Mobile phone companies like Huawei, Oppo and Xiaomi have grown in popularity in the West – with Huawei becoming one of the most popular Android phone manufacturers.

Even without the Trump administration’s pressure, China is aggressively chasing higher domestic chip production under its “Made in China 2025” project.

This investment fund is not the first one, in 2018 there were reports of another fund of $47 billion, but whether it actually launched or not remained unclear.

The Wall Street Journal, citing unnamed sources, reported that the government-backed China Integrated Circuit Industry Investment Fund would allocate the funding to — among other things — improving China’s ability to design and manufacture advanced processors and GPUs.

It is also wholly possible that the $29 billion fund is the one named in the WSJ report, just after a delay, due to one reason or another. Since a $47 billion investment fund would be difficult to pass under the radar.

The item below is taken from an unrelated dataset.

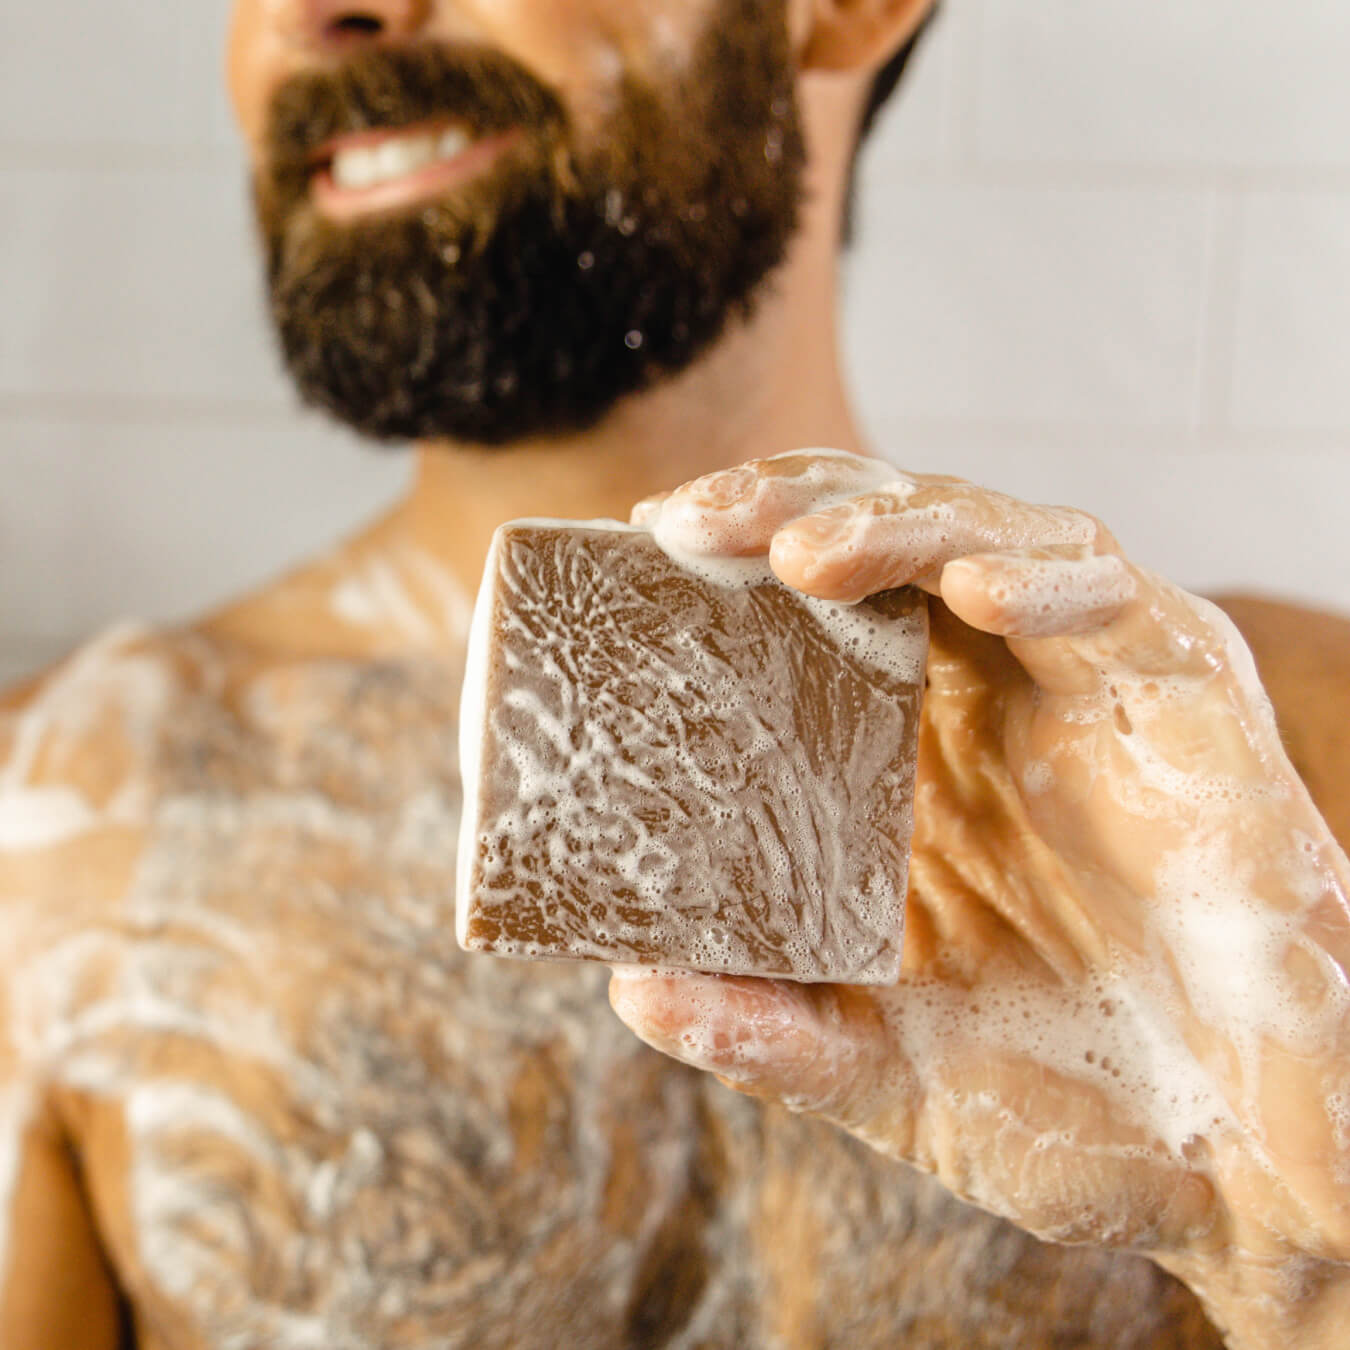  Dr. Squatch Men's Face Wash and Bar Soap Bundle

The first such fund aimed at enhancing China’s production of chips was launched in 2014 and it was worth $21.8 billion and was largely funded by central and local government-backed enterprises and industry players.

China’s State Council, the country’s cabinet, published the “National Integrated Circuit Industry Development Guidelines” in June 2014, which initially proposed setting up a special national industry investment fund to boost the semiconductor industry. The guidelines pledged to stimulate dynamism and creativity in China’s semiconductor companies and accelerate the pace of China’s semiconductor industry in order to catch up with international leaders.

China urgently trying to stop relying heavily on the US is quite showing on the progress of a conclusion of the Washington-Beijing trade war, and it means that the “first phase deal” is nothing conclusive. Regardless, China is following its “Made in China 2025” plan, but it may simply be ramping up efforts to fit into an accelerated schedule.

Huawei is still blacklisted, despite some waivers being given out to some US producers and the “first phase deal” did very little to address any of the actual issues of the trade dispute.